LONDON (MINEWEB) – As I write the gold price is sitting at around $1,225, but it fell at one time yesterday to around $1,206 and it may not take much to drive it down below the key $1,200 psychological support level. If it breaches this level the price could well fall sharply further with computer based stop loss sales coming in strongly. The fall could then become something of a rout.
And with gold bears like Jeffrey Currie at Goldman Sachs getting in there keen to generate further downwards momentum so his end- year $1,050 gold price might actually come about, then who’s to say it won’t freefall to $1,100 or below. Currie and Goldman Sachs will doubtless have their avid followers, particularly within the financial community – after all Goldman could be perhaps described as the most successful investment bank of the past generation. True, some of its tactics for achieving this may not be seen as without moral flaws, but then this is something which could be applied to almost any investment bank – not specifically to Goldman.

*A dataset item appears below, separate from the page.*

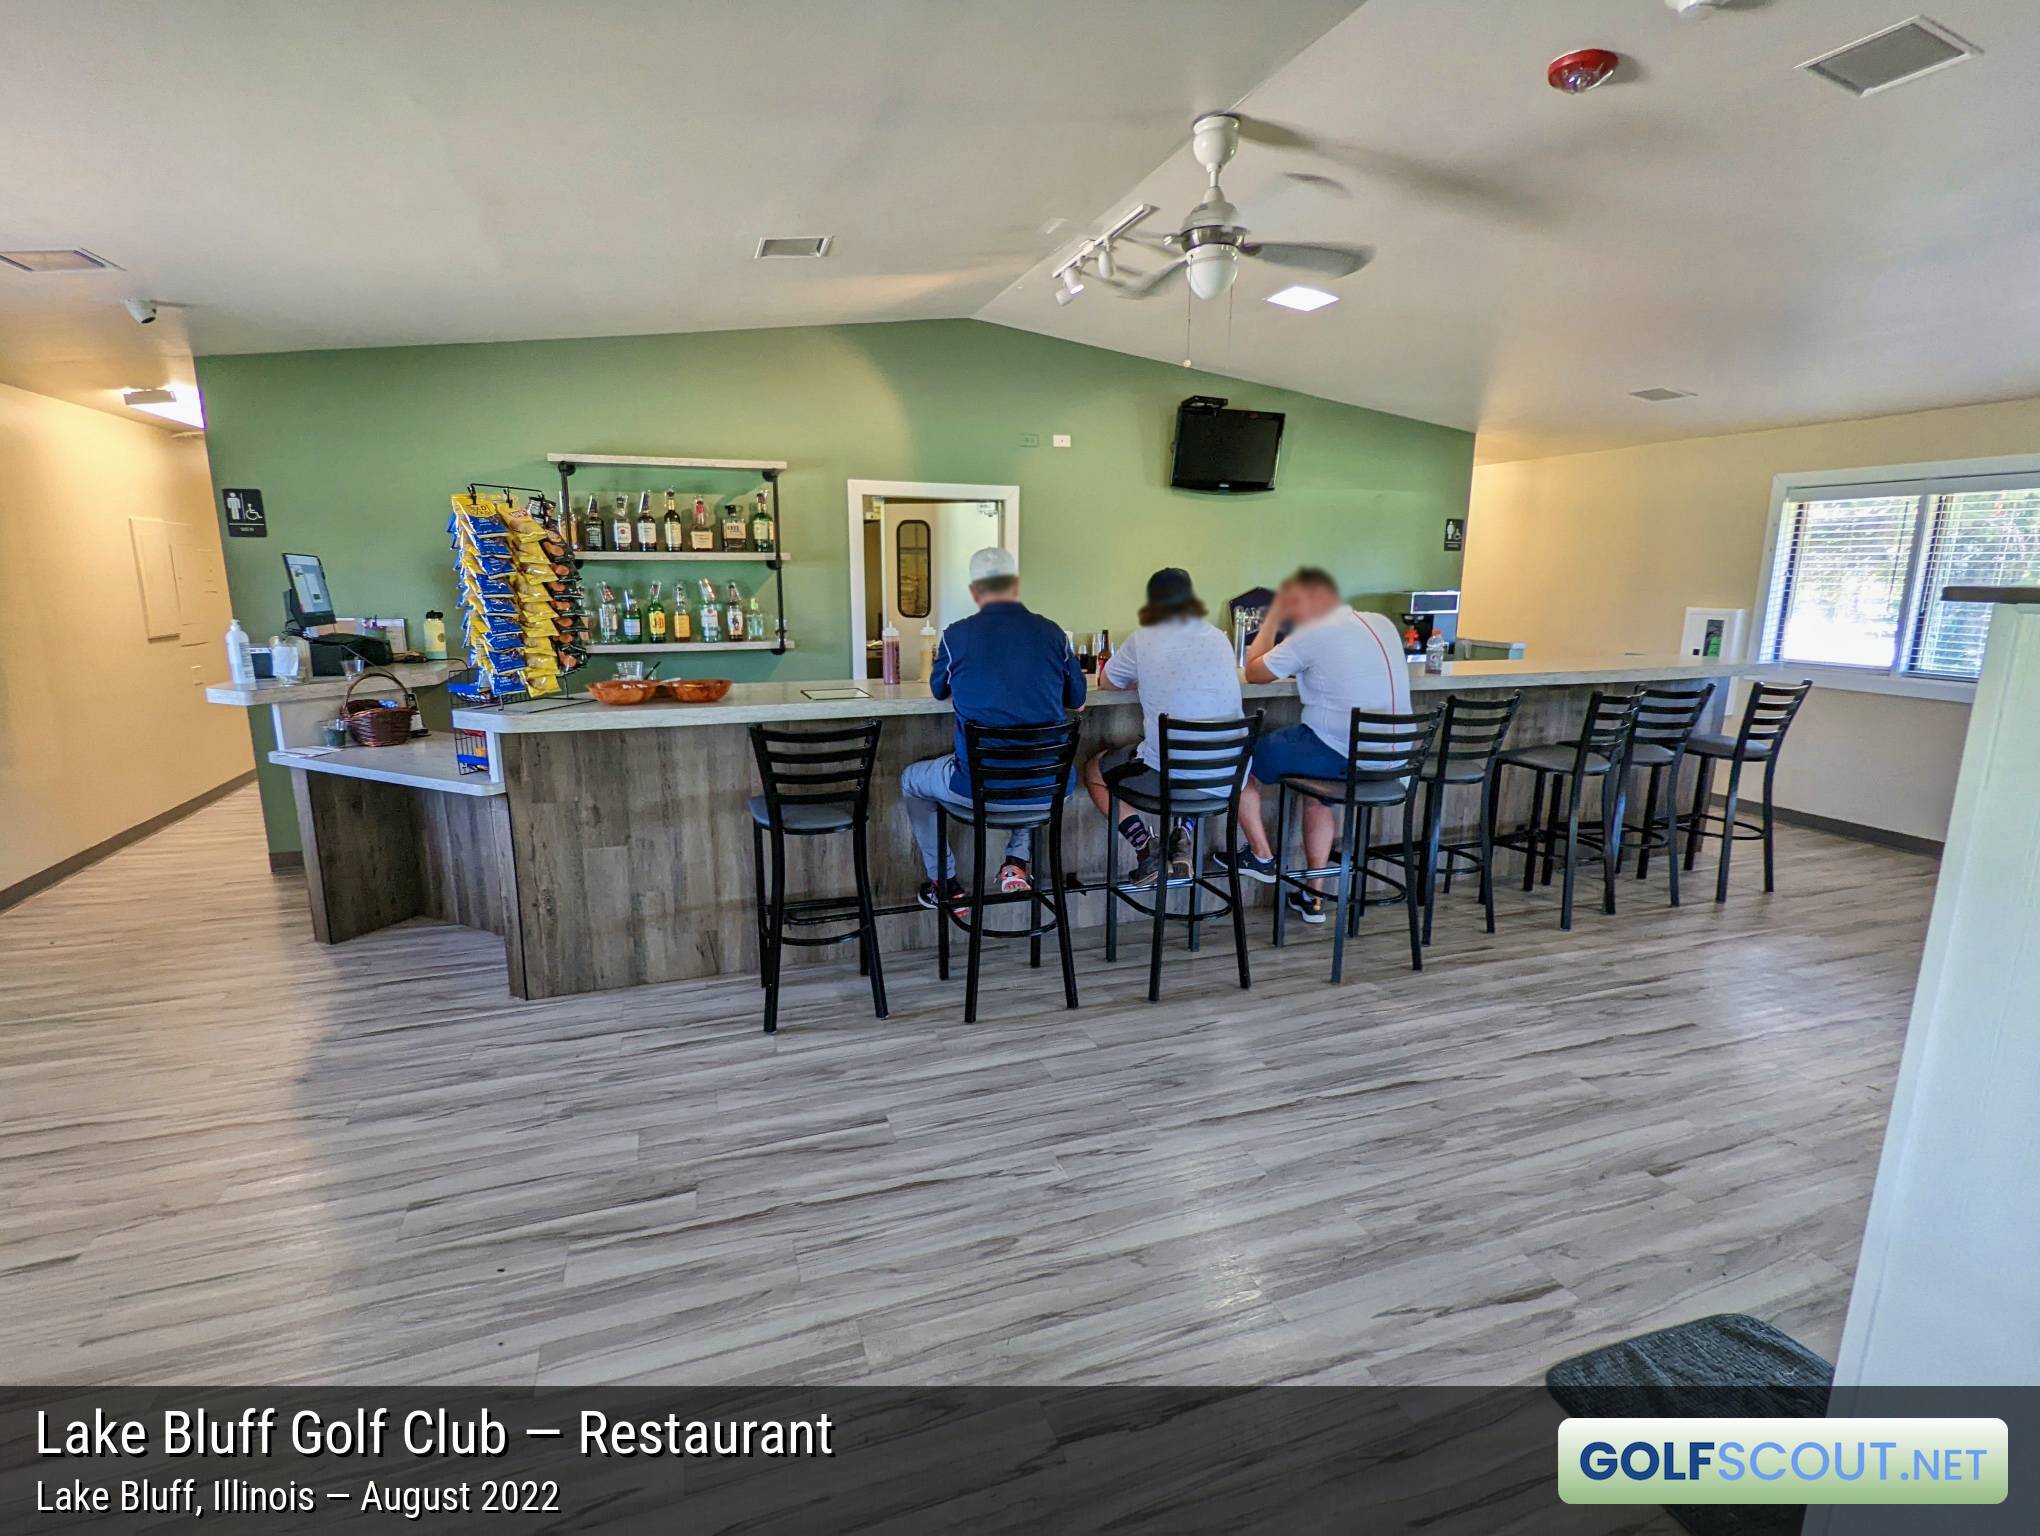 Photo of the restaurant at Lake Bluff Golf Club in Lake Bluff, Illinois.

To many the dark art of using and manipulating money (real or imaginary) just to make more money and the wealthy even wealthier, may well be part of the capitalist ethos but it is not one which sits well with the silent majority, even though they may express allegiance to capitalism.

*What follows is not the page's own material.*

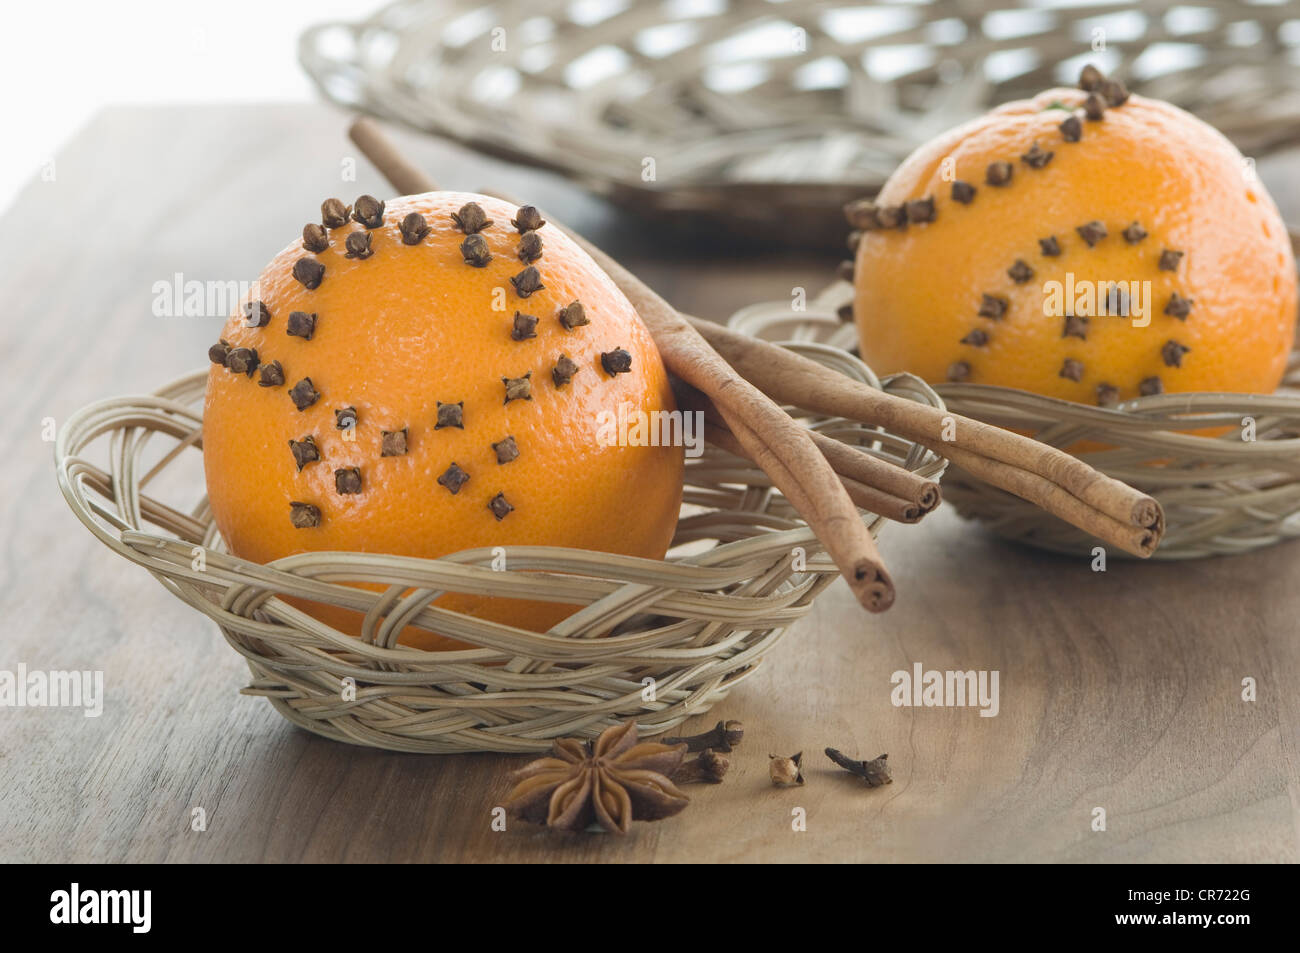 Orange studded with cloves and cinnamon stick in basket besides star anise on table Stock Photo
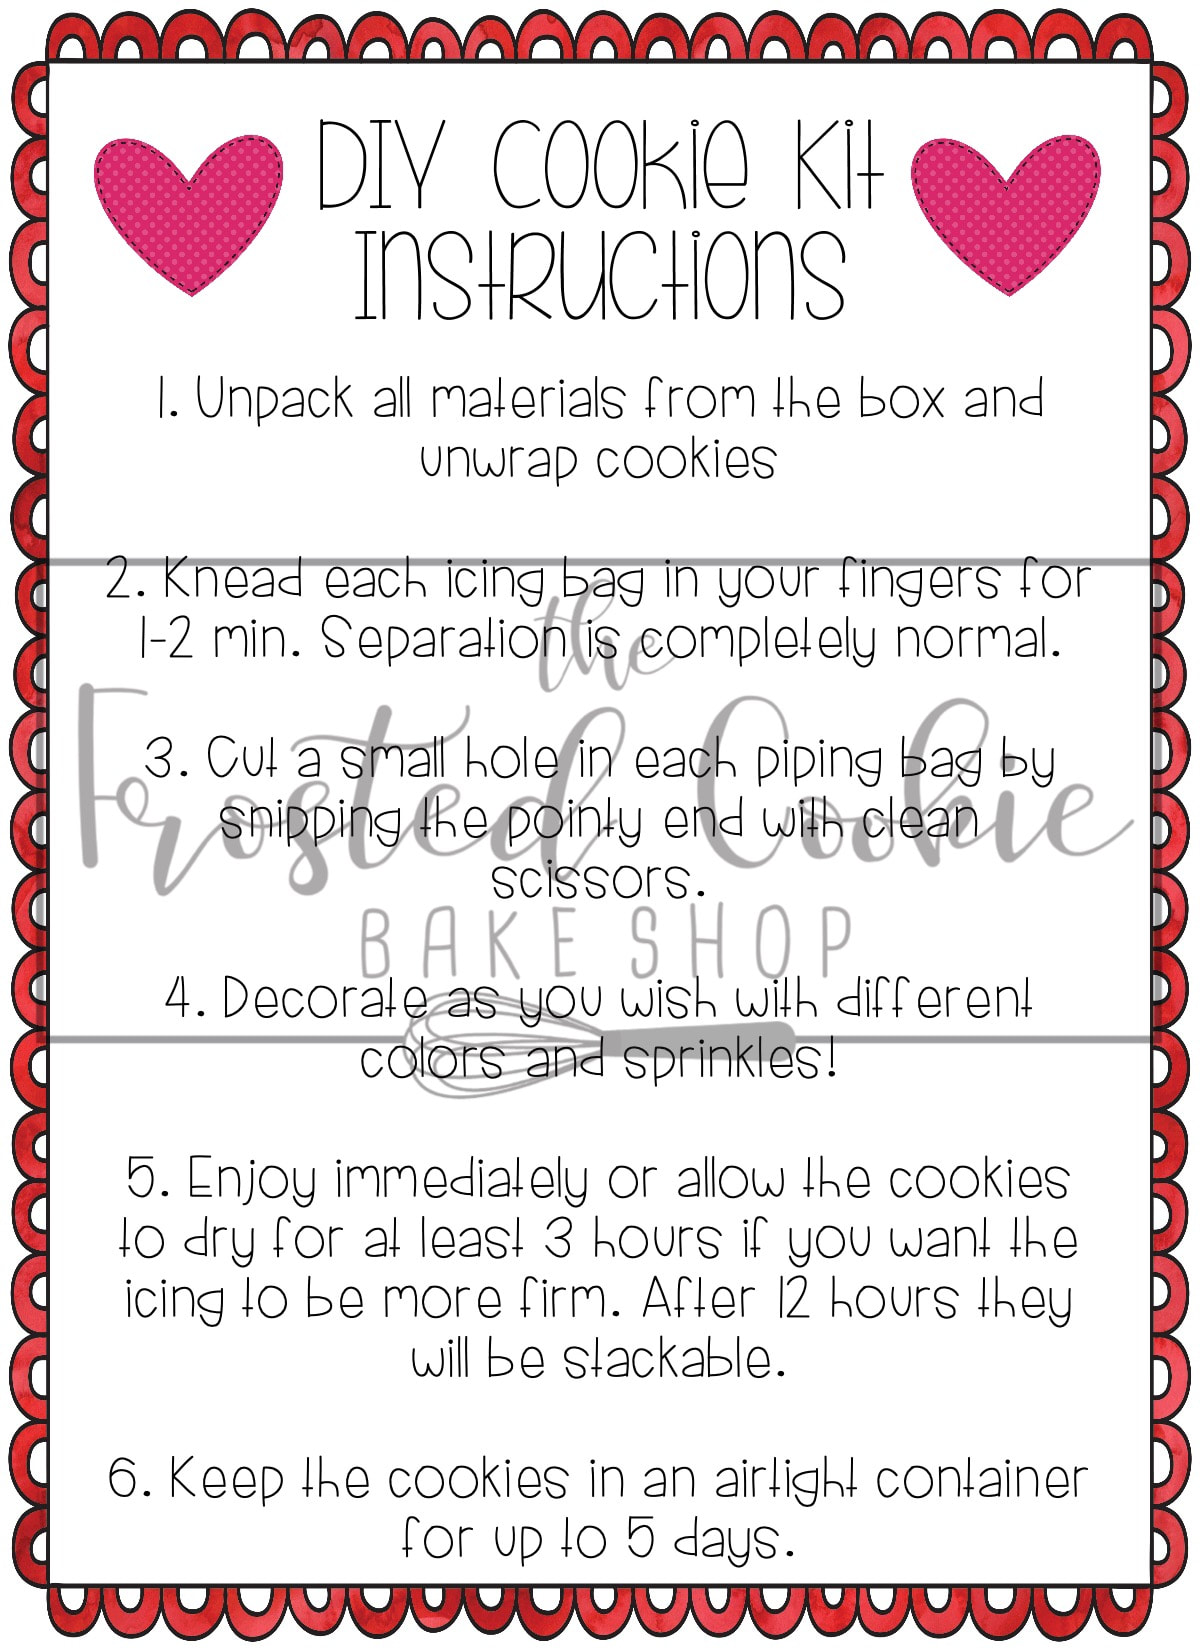 diy-cookie-kit-instructions-text-handmade-products-cookie-cards-with

It is an excess of this greed by the ultra rich, which begets socialism (with all its flaws) and revolution as the masses rise up against the wealthiest section of the community. It may be schadenfreude which is the driving force here – and the wealthy sector – the establishment – tends to hold the power advantages through control of the forces of law and order and the military but, as history shows, this advantage does not always prevail.
But I digress. As someone who believes in the long term future of gold as an ultimate wealth protector, not necessarily for making money per se, I do find Currie and his ilke’s predictions somewhat discouraging, although I do not see his scenario as having long term legs if it actually comes about. All these things tend to move in cycles and almost as sure as gold has been declining in terms of its dollar value for most of the past three years, it will recover again when the cycle turns. It’s just a question of when this will happen.
But, of course, Currie is not alone in his views – they are shared by other heavy hitters in the banking community, which also has the financial muscle make the forecasts come about if it suits them. As we noted in yesterday’s article linked above, SocGen’s Michael Haigh contemplates prices at $1,150 in the third quarter next year, while Citigroup has also just lowered its forecast for next year amid expectations of U.S. rate increases, while the “risk- related source of support has been diminished.” The bank thus cut its outlook to $1,225 from $1,365.
UBS is another which has reduced its three-month outlook too by 7.7% to $1,200.